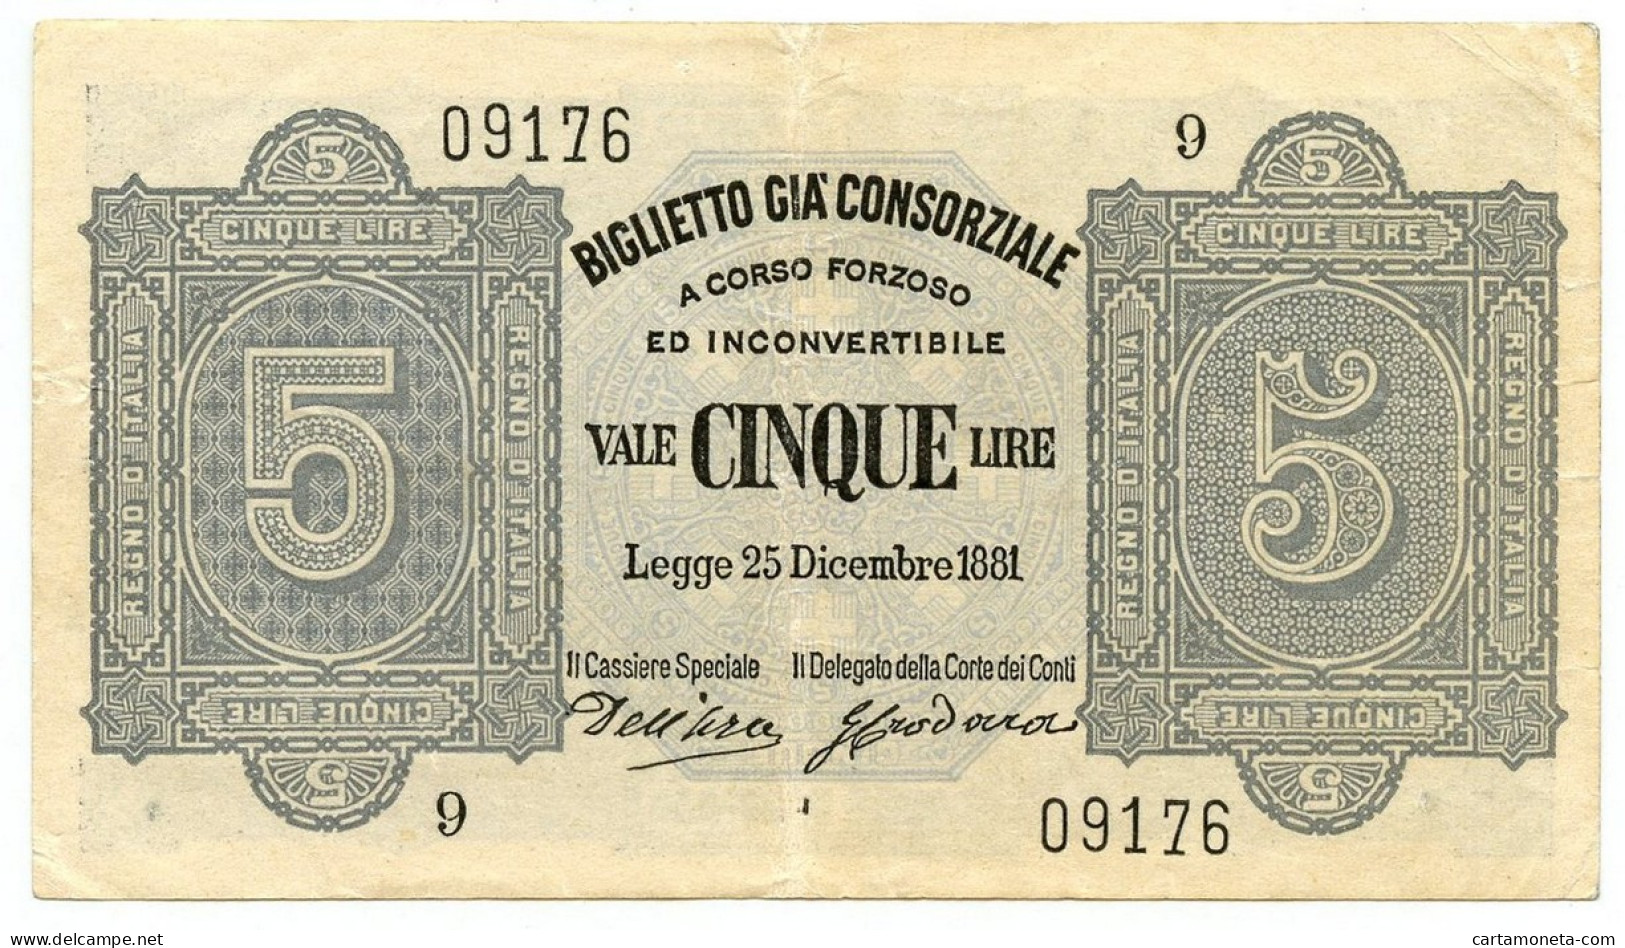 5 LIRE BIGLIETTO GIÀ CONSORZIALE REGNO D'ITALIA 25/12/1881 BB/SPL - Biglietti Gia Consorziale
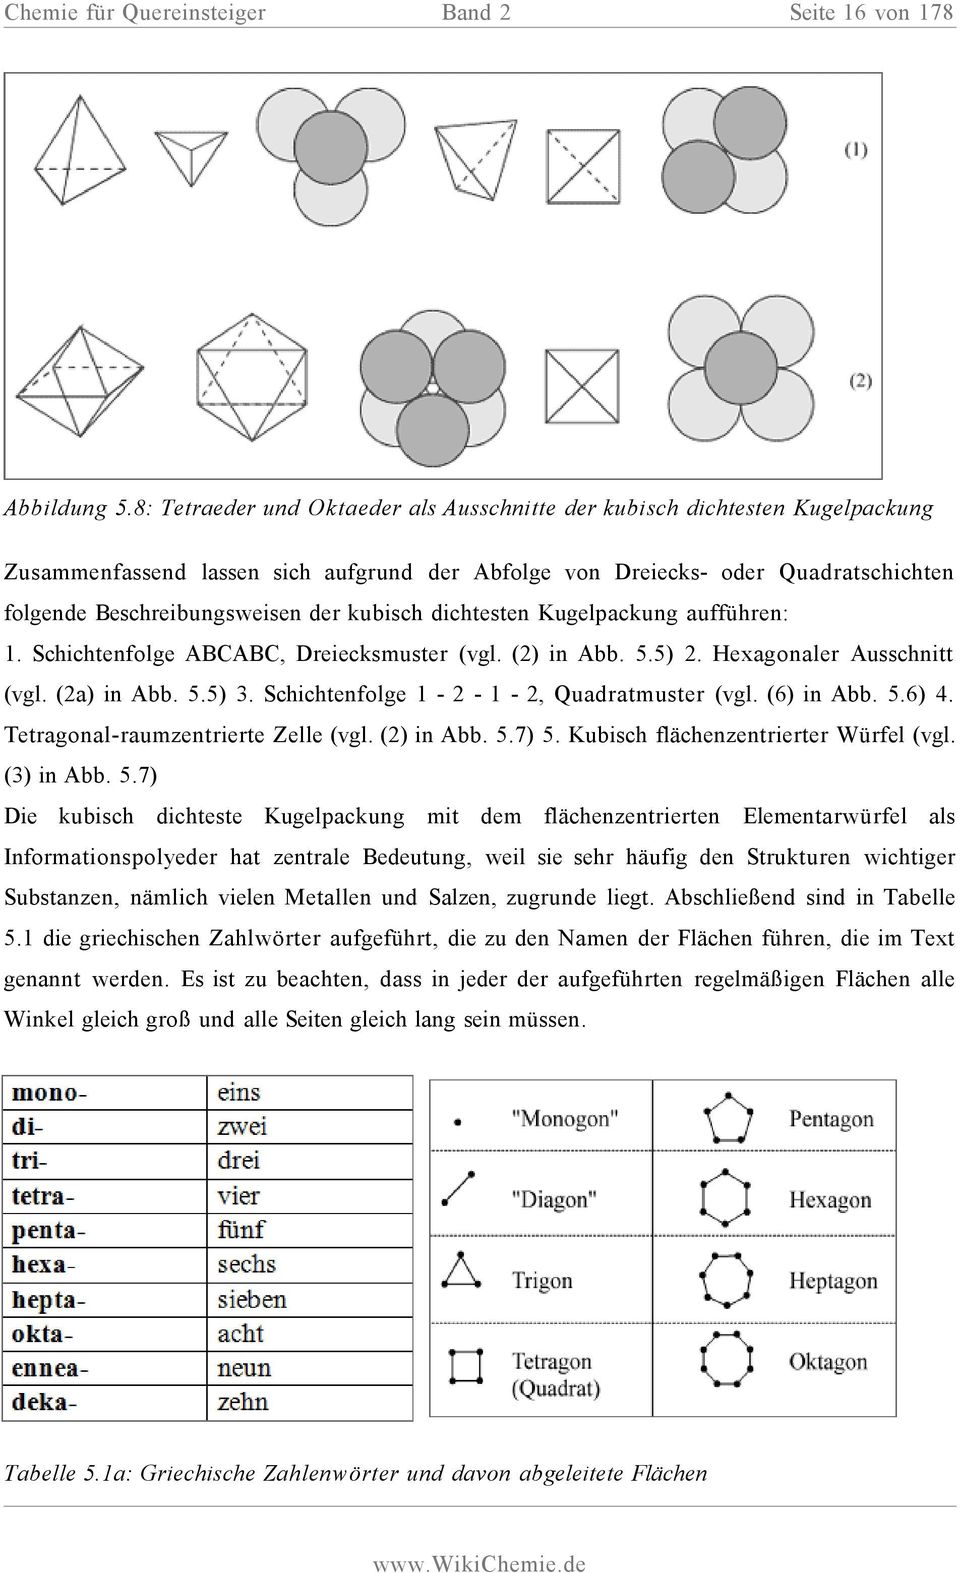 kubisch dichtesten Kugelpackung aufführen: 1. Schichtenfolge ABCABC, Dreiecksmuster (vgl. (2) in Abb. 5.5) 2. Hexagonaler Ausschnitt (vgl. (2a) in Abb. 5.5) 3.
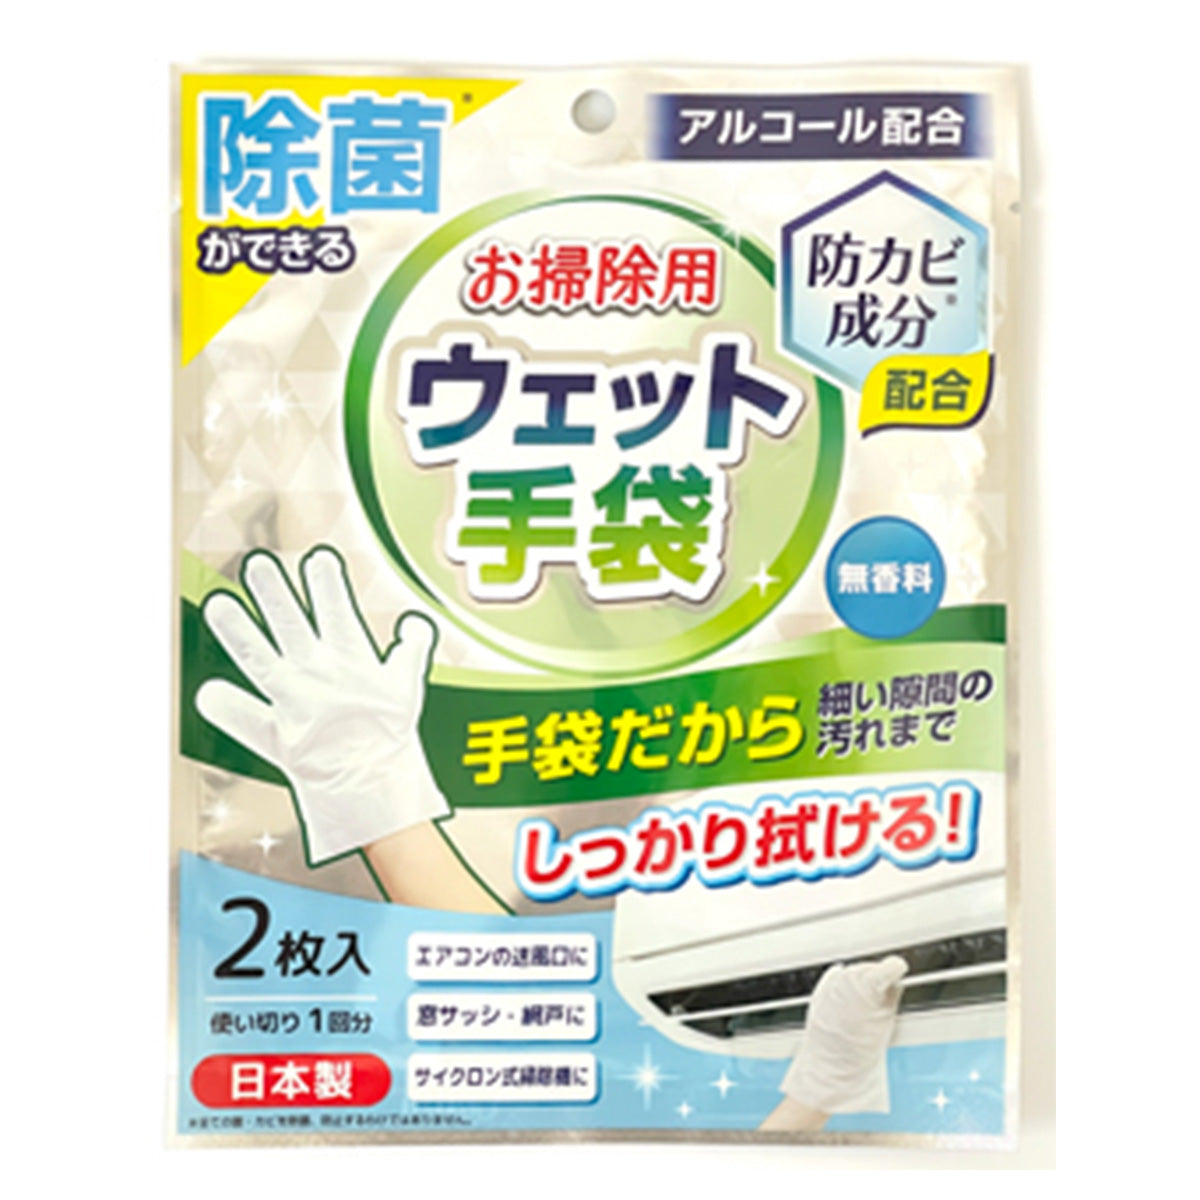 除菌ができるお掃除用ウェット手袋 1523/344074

--------------------

The task >> Could you retype the whole listing word for word, minus its pictures?

Solution to this exercise >>
 5 LIRE BIGLIETTO GIÀ CONSORZIALE REGNO D'ITALIA 25/12/1881 BB/SPL - Biglietti Gia Consorziale
 kubisch dichtesten Kugelpackung aufführen: 1. Schichtenfolge ABCABC, Dreiecksmuster (vgl. (2) in Abb. 5.5) 2. Hexagonaler Ausschnitt (vgl. (2a) in Abb. 5.5) 3.
 除菌ができるお掃除用ウェット手袋 1523/344074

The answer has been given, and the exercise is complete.